(DATA SHOWN)
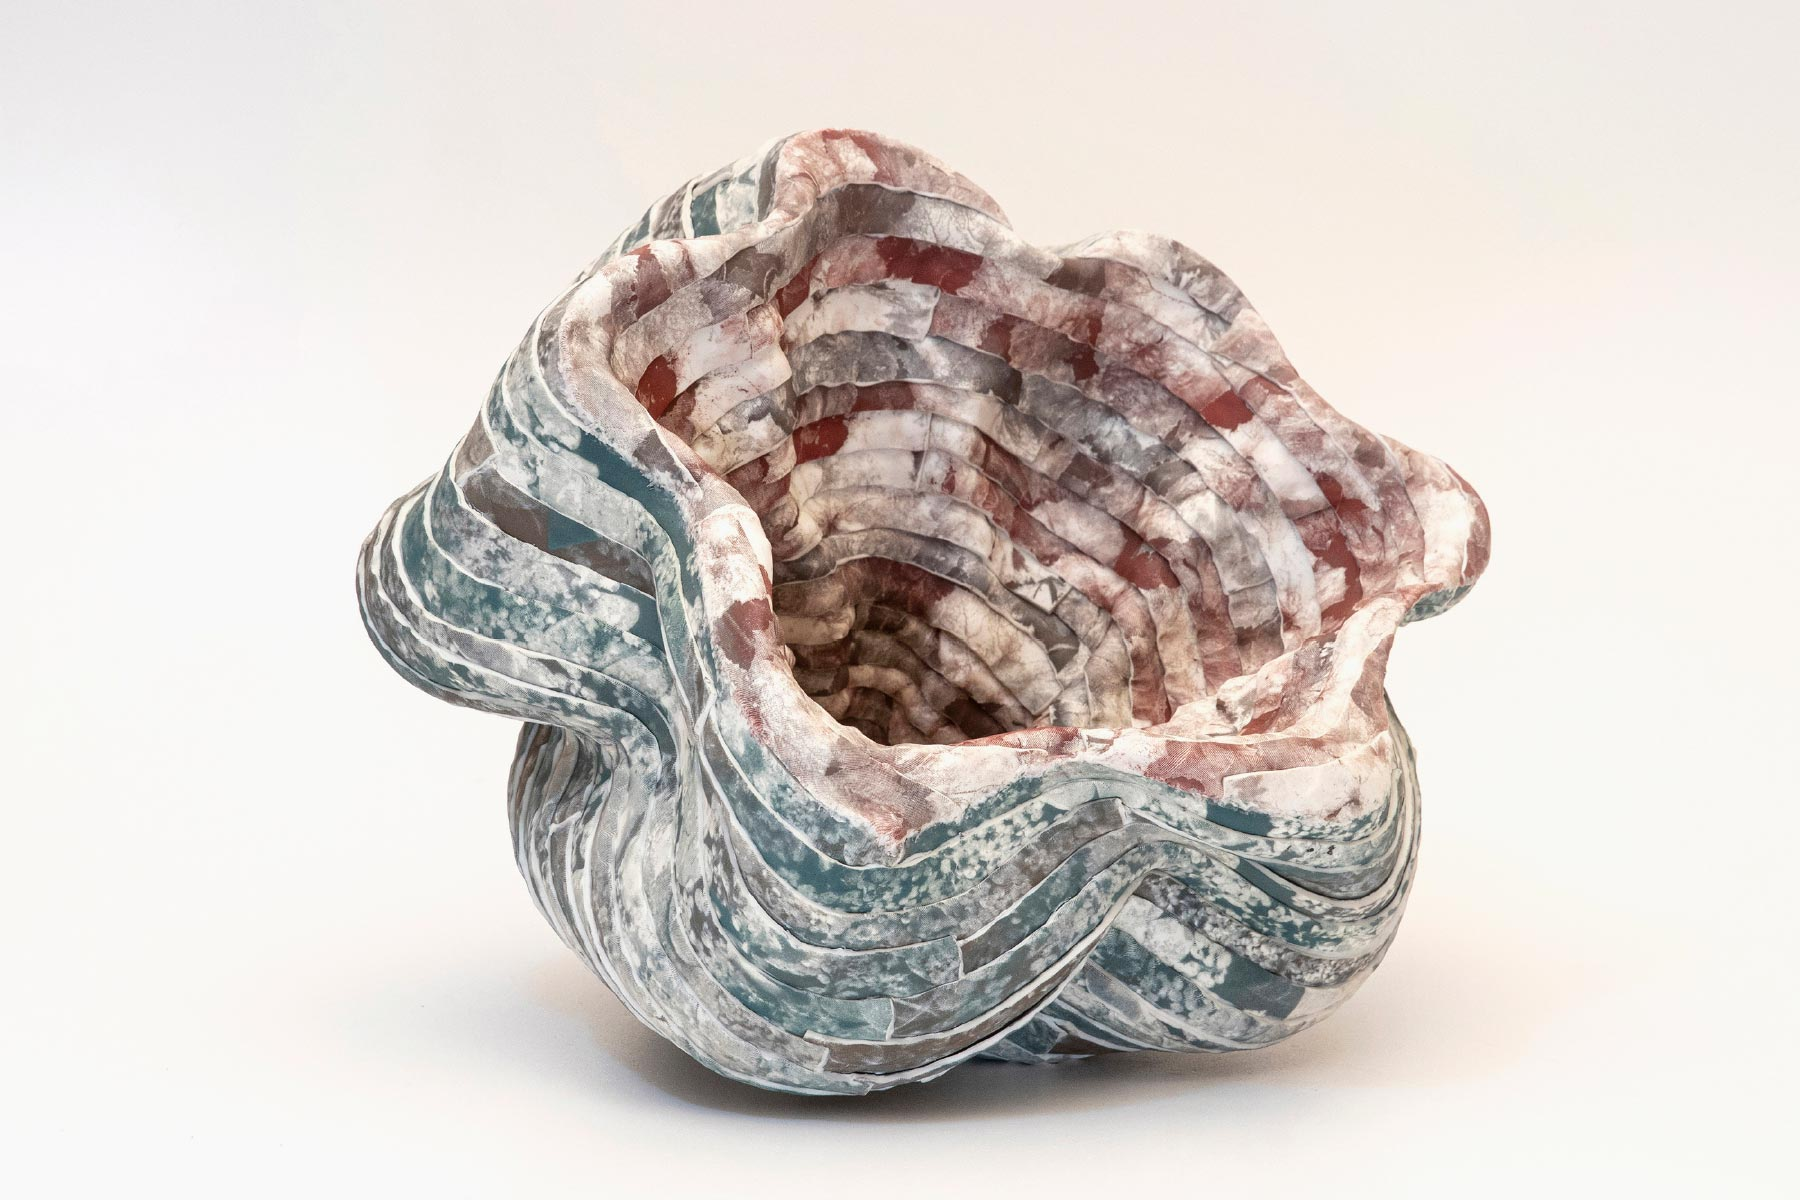 Sara Dario Sculpture Double Nature Porcelain 1280 Photo Serigraphy
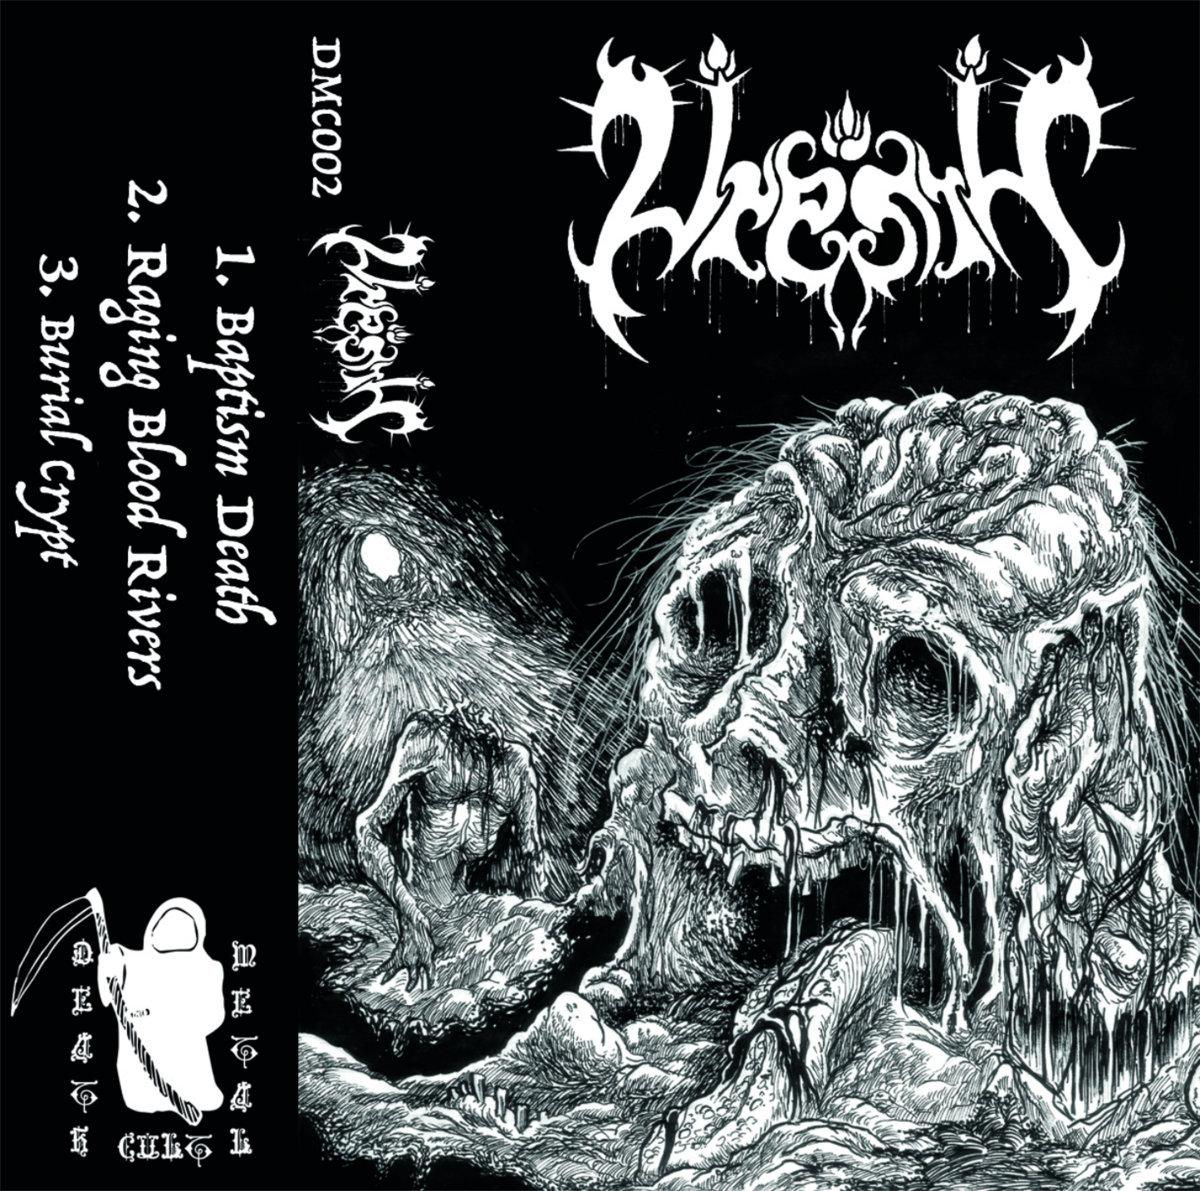 vrenth – demo #1 [demo]
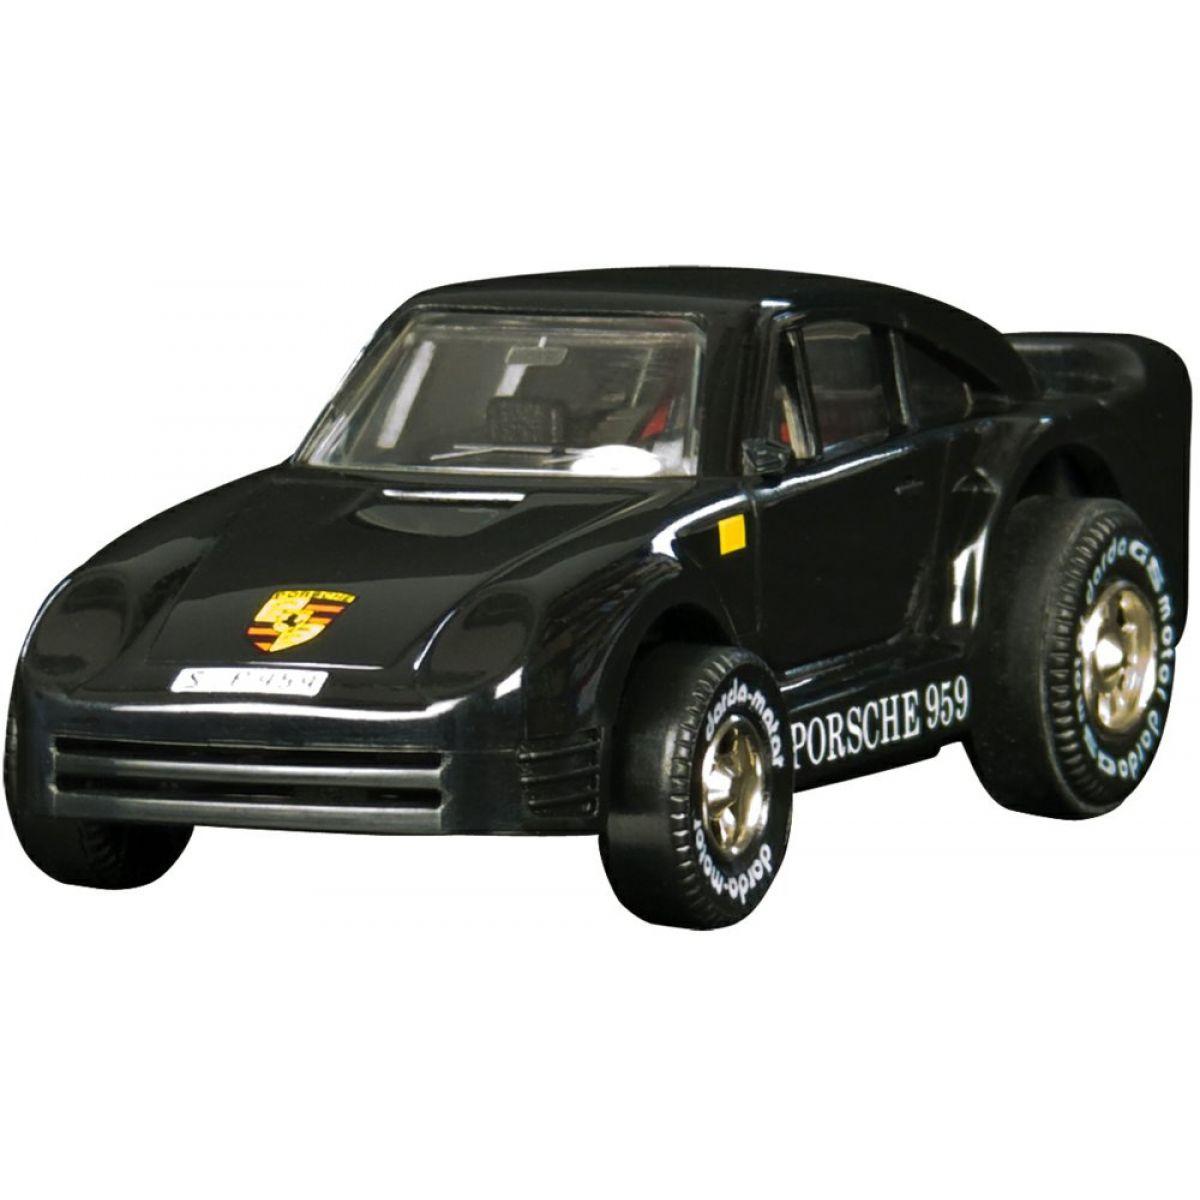 Darda Porsche 958 čierne
(End DATA SHOWN)
ASSIGNED TASK
Please reproduce the data above word for word, skipping all images.

ANSWER TO THIS PROBLEM
 Sara Dario Sculpture Double Nature Porcelain 1280 Photo Serigraphy
 vrenth – demo #1 [demo]
 Darda Porsche 958 čierne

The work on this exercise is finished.